Detailed Description of the Invention

[0001]

BACKGROUND OF THE INVENTION 1. Field of the Invention The present invention relates to a heavy duty pneumatic bias tire having a pair of beads composed of a plurality of bead cores arranged in the tire axial direction.
In particular, it relates to a heavy-duty pneumatic bias tire effective for bead durability.

[0002]

2. Description of the Related Art Conventionally, in a heavy-duty pneumatic bias tire used for trucks, buses, etc., since the internal pressure becomes extremely high, a carcass layer has a multi-layer structure. Therefore, in order to secure the strength of a pair of beads supporting both ends of these carcass layers and improve the bead durability, it is known that a plurality of bead cores arranged in the tire axial direction are provided in the bead portion. .. For example, the bead portion 70A of the heavy duty pneumatic bias tire 70 shown in FIG. 3 is provided with two bundles of bead cores 72, 74 arranged in the tire axial direction (left and right direction in FIG. 3). Further, a bead epex rubber 78 having a triangular outer shape in the tire axial direction is arranged on the outer side in the tire radial direction (upper side in FIG. 3) of the bead core 72 on the outer side in the tire axial direction. On the outer side in the tire radial direction (upper side in FIG. 3), a bead-epex rubber 80, which is in the tire axial direction and has a triangular shape, is arranged.

[0003]

However, in the conventional heavy-duty pneumatic bias tire 70, the tension applied by the outer ply layer 82, which is sequentially wound up across the bead cores 72 on the outer side in the tire axial direction, and the tire shaft. It has been assumed that the tension applied to the inner ply layer 84 that is sequentially wound up across the bead cores 74 on the inner side in the direction is substantially the same. For this reason, in the conventional pneumatic tire for heavy load 70, the rigidity of the bead core 72 on the outer side in the tire axial direction and the rigidity of the bead core 74 on the inner side in the tire axial direction are designed to be equal, and It was designed so that the rigidity of the outer bead epoxy rubber 78 and the rigidity of the inner bead epoxy rubber 80 in the axial direction of the tire were equal, and the tire was not necessarily an optimally designed tire. Furthermore, in recent years, heavy weight pneumatic bias tires have also been required to be lighter in weight in order to improve exercise performance and economy.

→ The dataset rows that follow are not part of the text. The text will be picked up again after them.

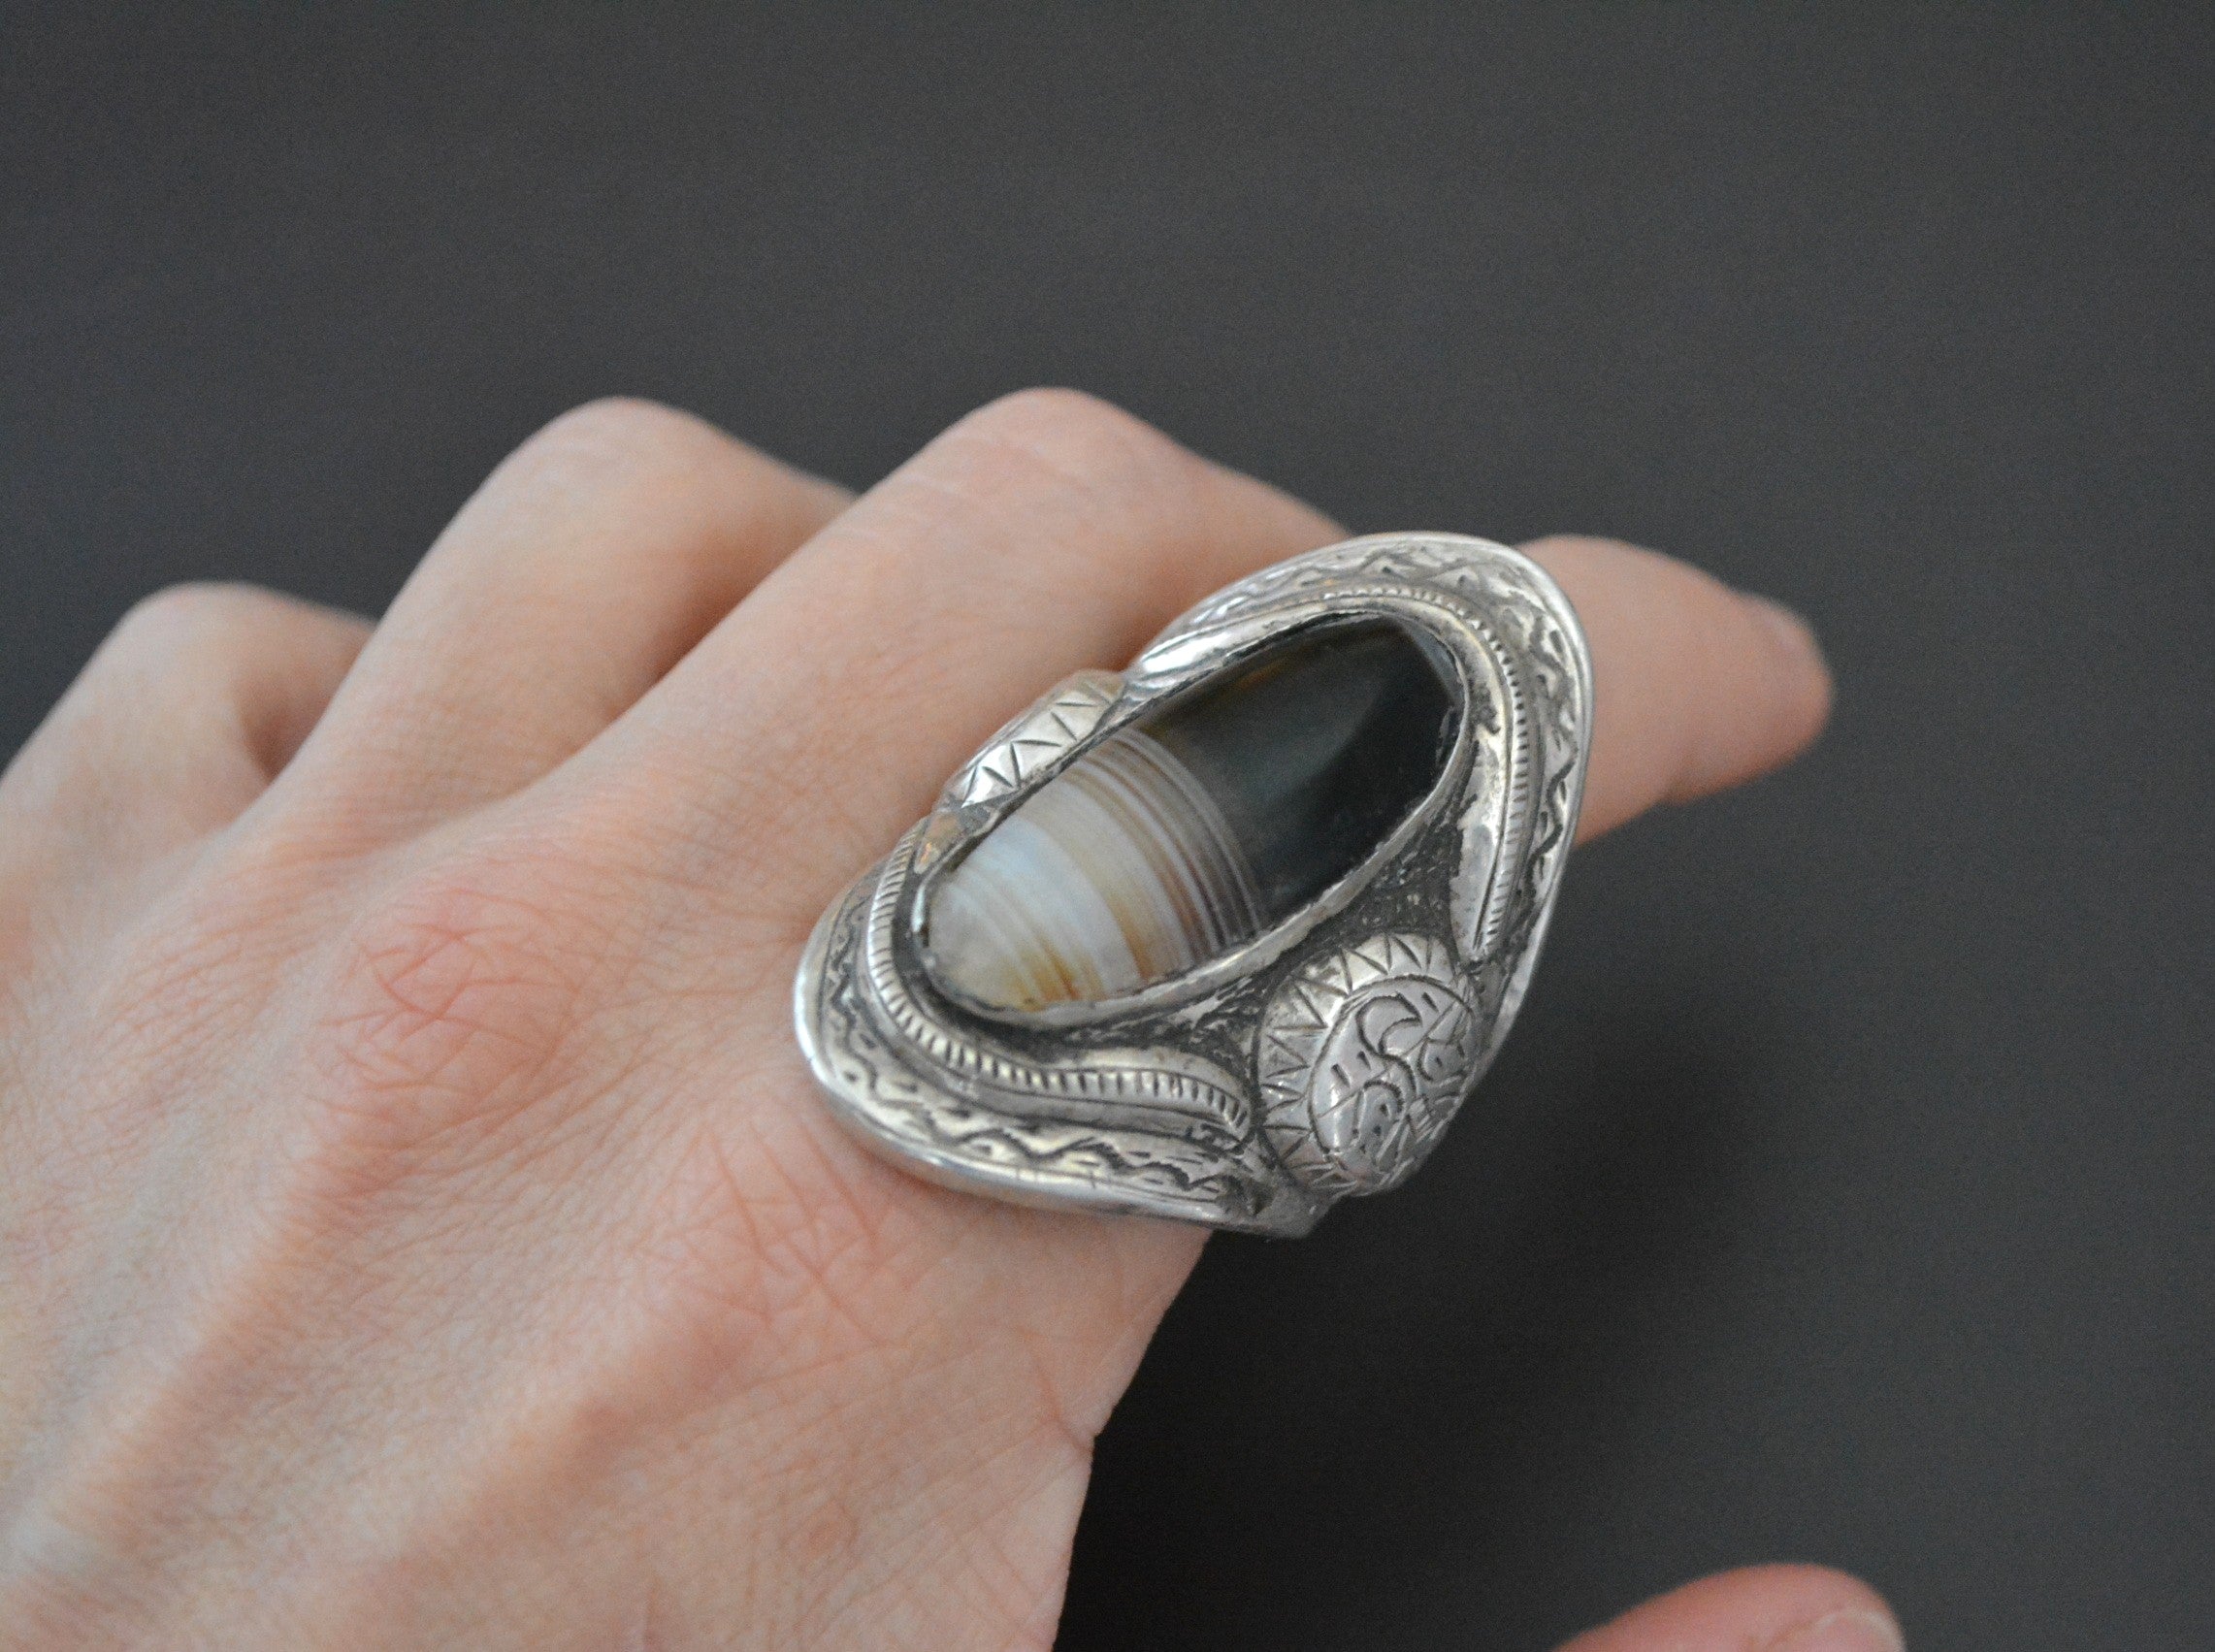 Huge Tibetan Banded Agate Ring - Size 12.5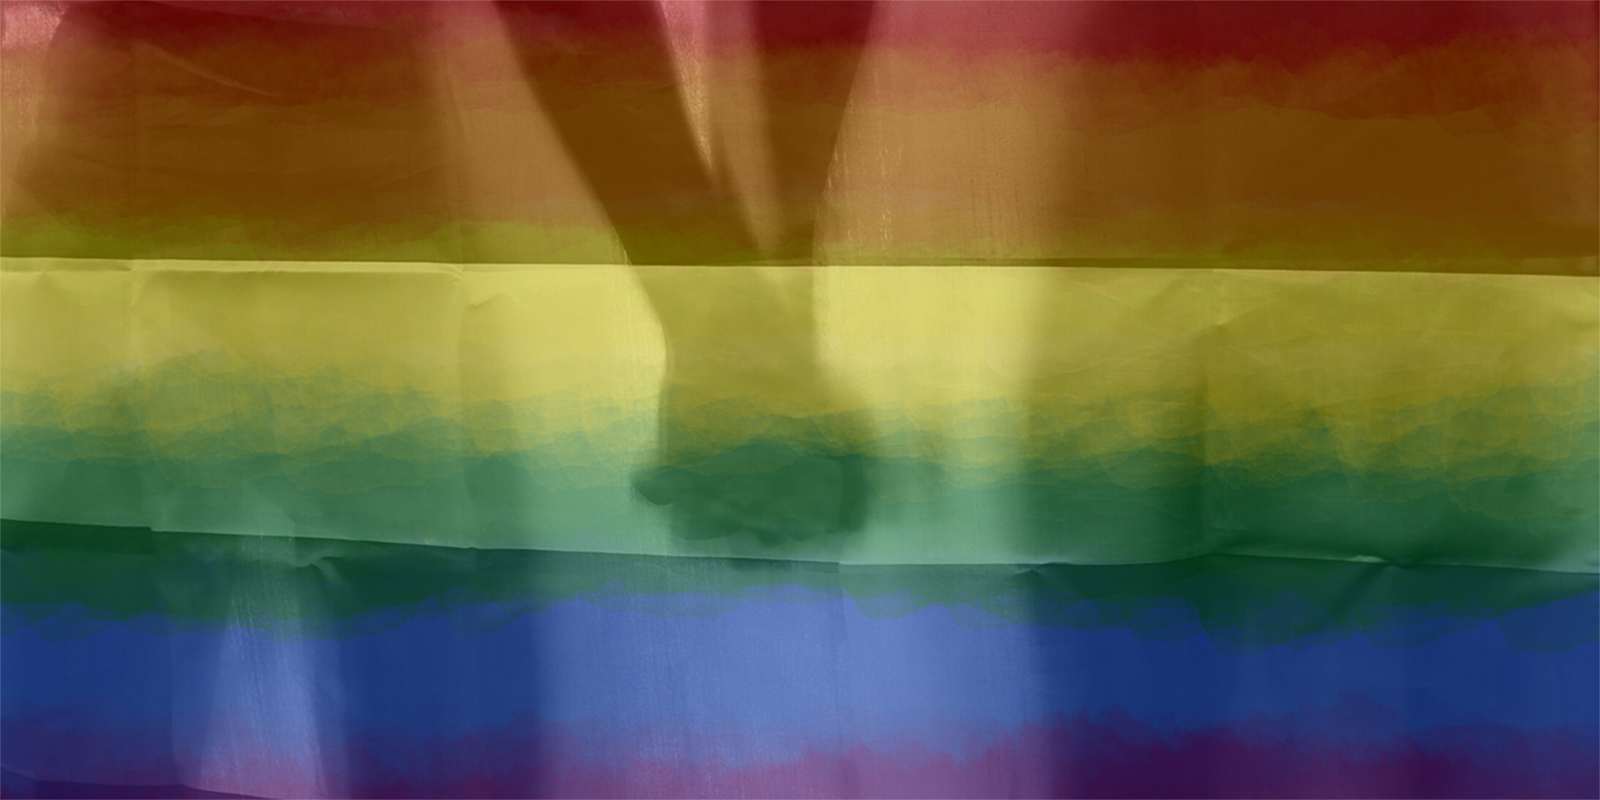 Día contra la LGBTfobia: “Nuestros cuerpos, nuestras vidas, nuestros derechos”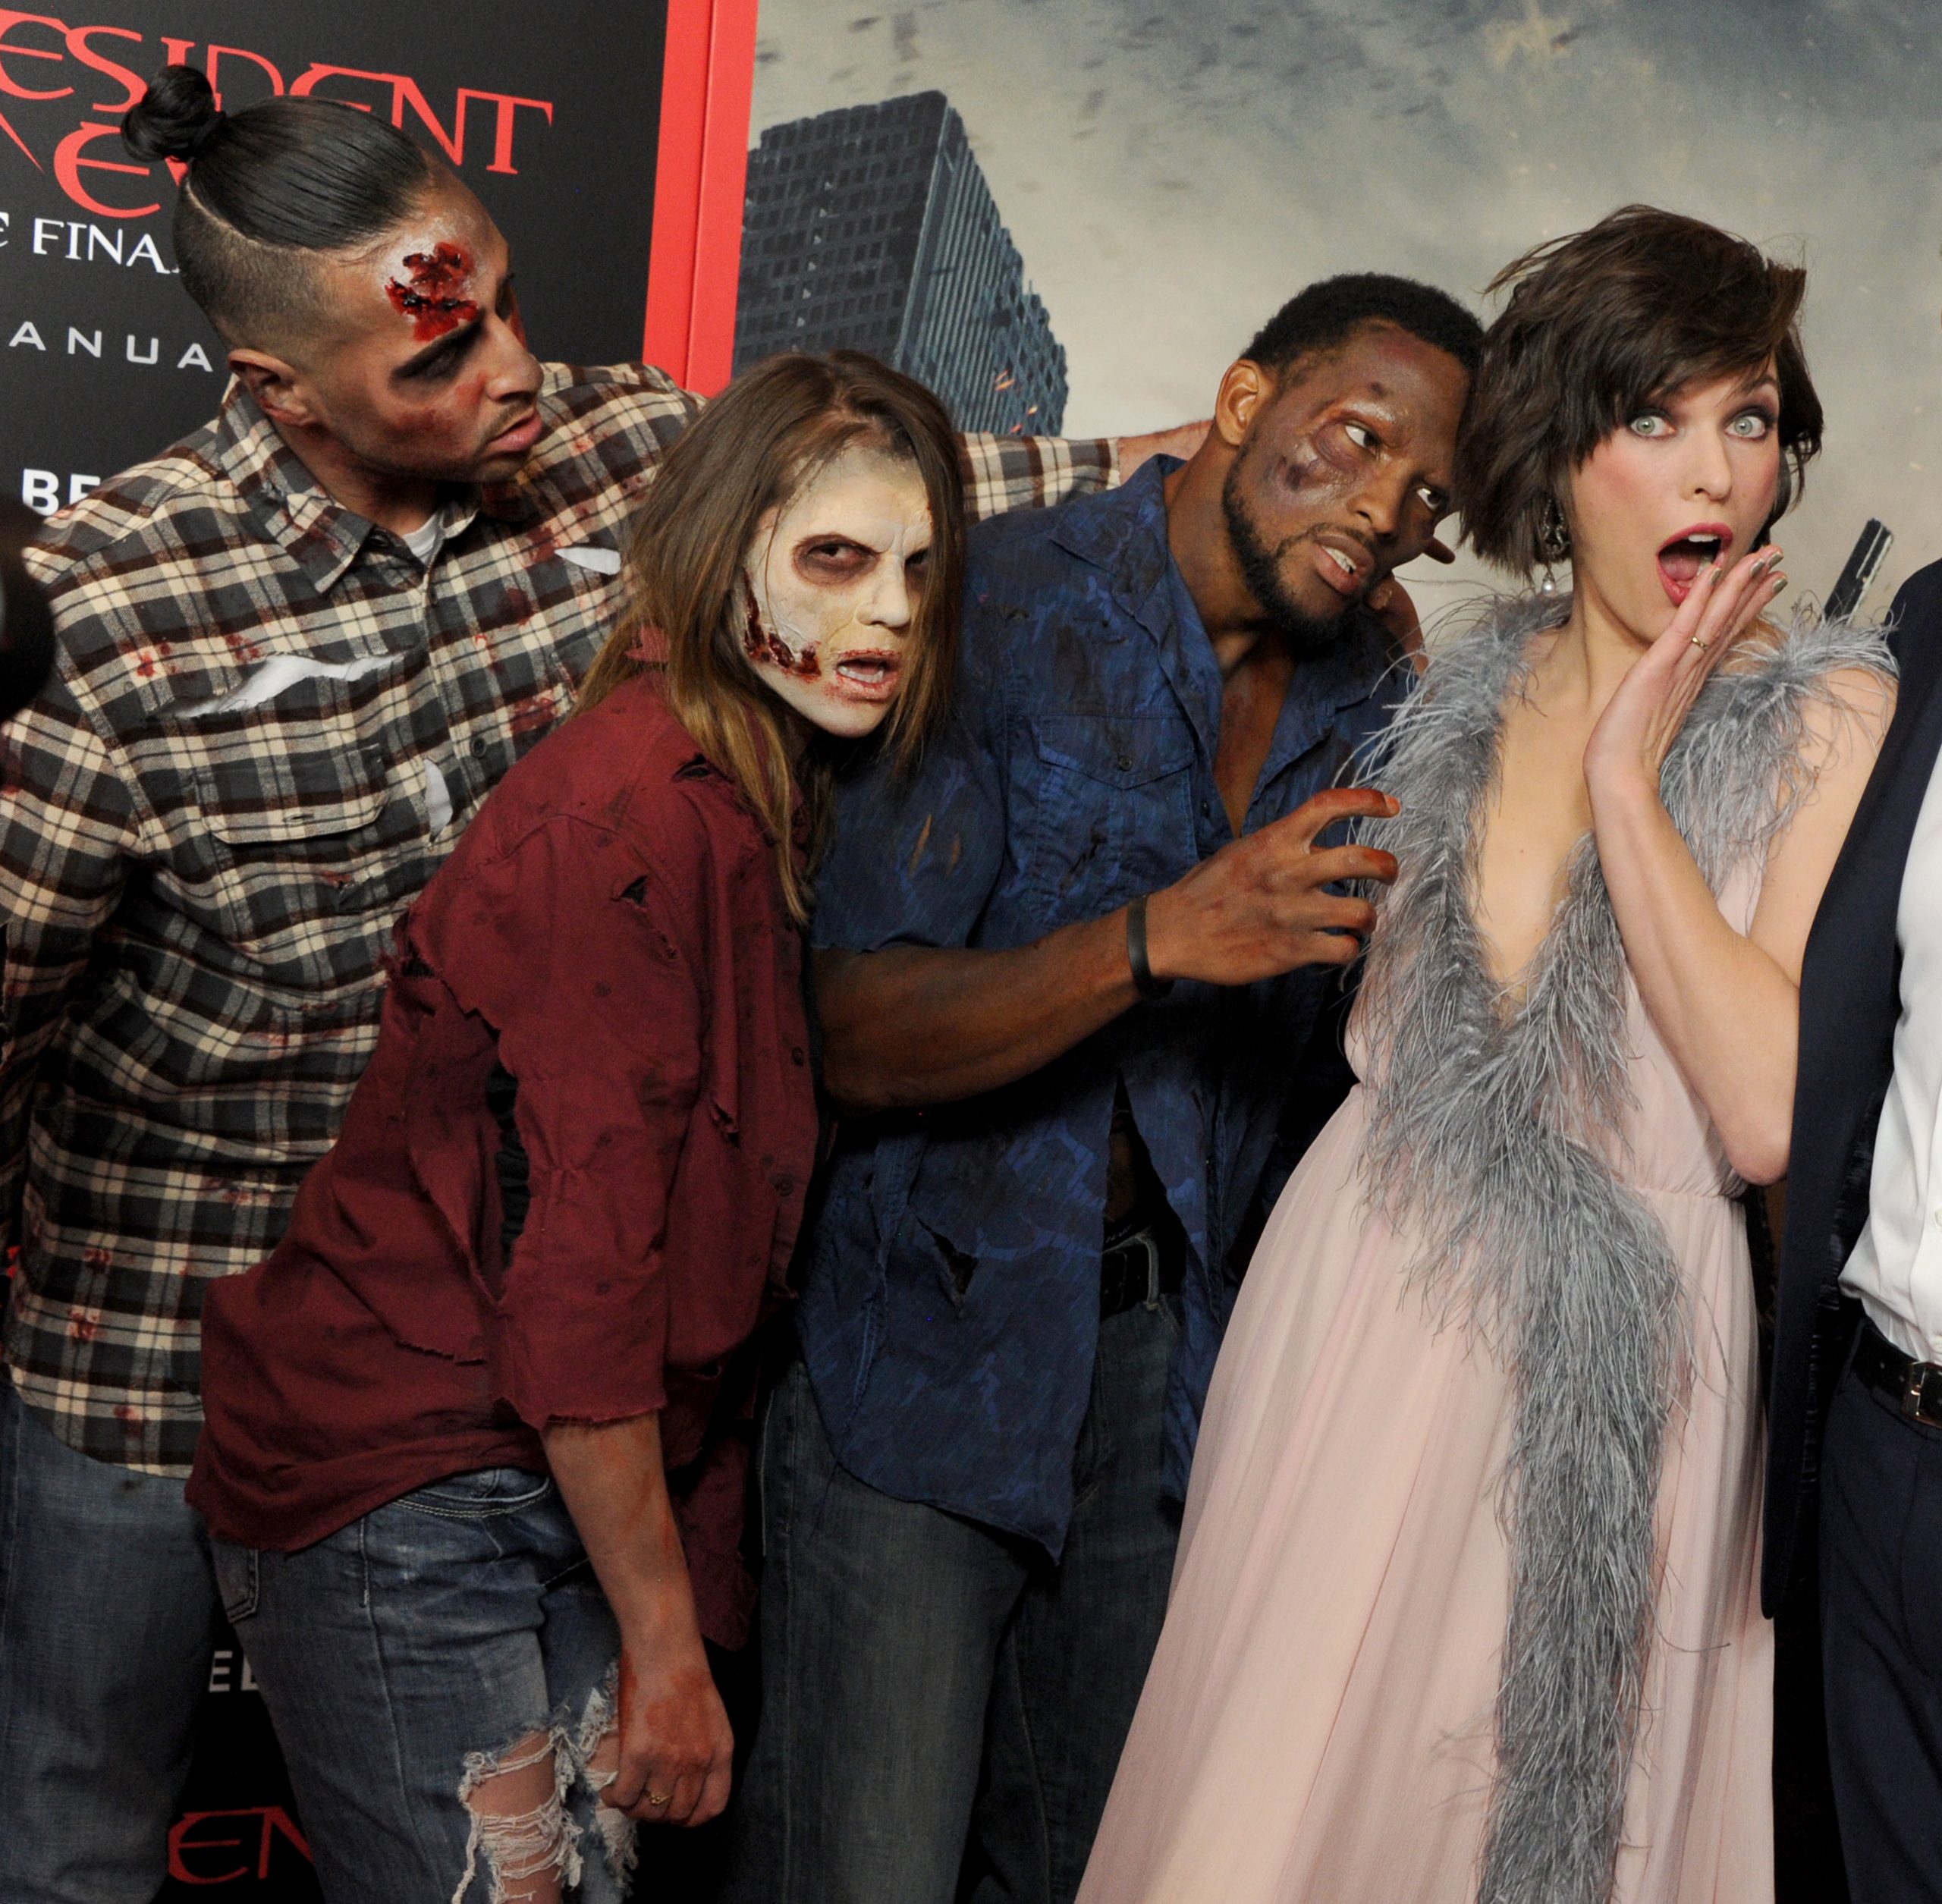 ¡Ay nanita! Netflix está trabajando en una serie live action de 'Resident Evil'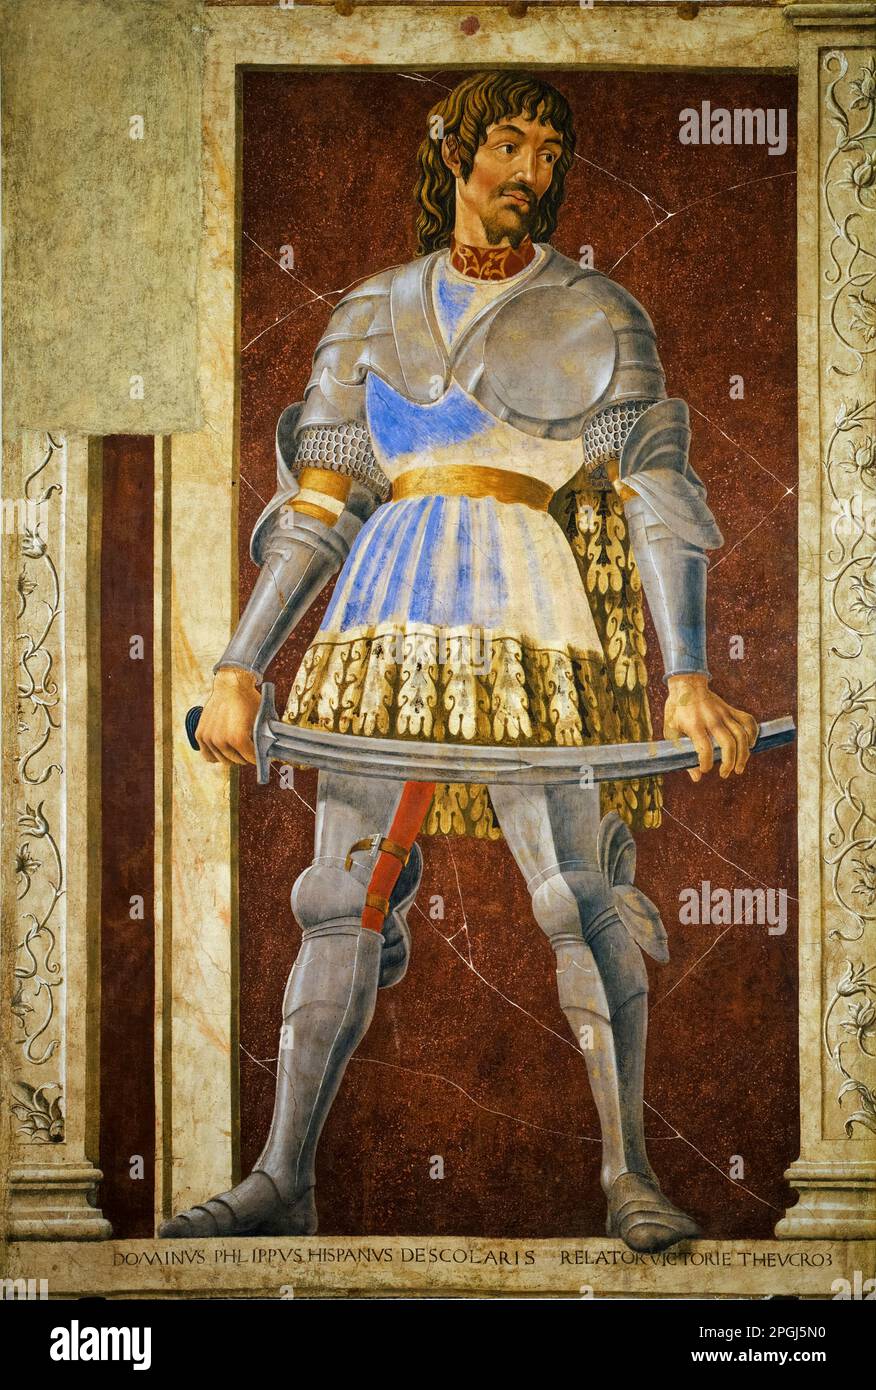 Filippo Scolari (1369-1426), detto Pippo Spano di Ispàn, leader fiorentino al servizio dell'Ungheria, dipinto a tempera su tavola di Andrea del Castagno, circa 1450 Foto Stock

In consideration of the above facts, an object of the present invention is to obtain a heavy-duty pneumatic bias tire which can be reduced in weight without lowering bead durability.

[0005]

According to a first aspect of the present invention, there is provided a heavy-duty pneumatic bias tire having a pair of bead cores arranged in the tire axial direction, the bead cores having at least two bundles, and the plurality of bead cores. A triangular bead epex rubber respectively arranged on the outer side in the radial direction of the tire, and a carcass layer composed of a plurality of plies which are sequentially wound over the respective bead cores and are inclined with respect to the tire equatorial plane, and the carcass layer. A tread portion provided on the tire radial outer side, and a heavy load pneumatic bias tire having, wherein at least one of the tire core axially innermost bead core and the bead epex rubber is the tire axially outermost side. It is characterized by higher rigidity than that.

The pneumatic bias tire for heavy loads according to a second aspect of the present invention is the pneumatic bias tire for heavy loads according to the first aspect of the present invention, in which the number of winding steps and the winding row of the bead core on the innermost side in the tire axial direction are provided. At least one of the number and the number is larger than that of the outermost bead core in the tire axial direction.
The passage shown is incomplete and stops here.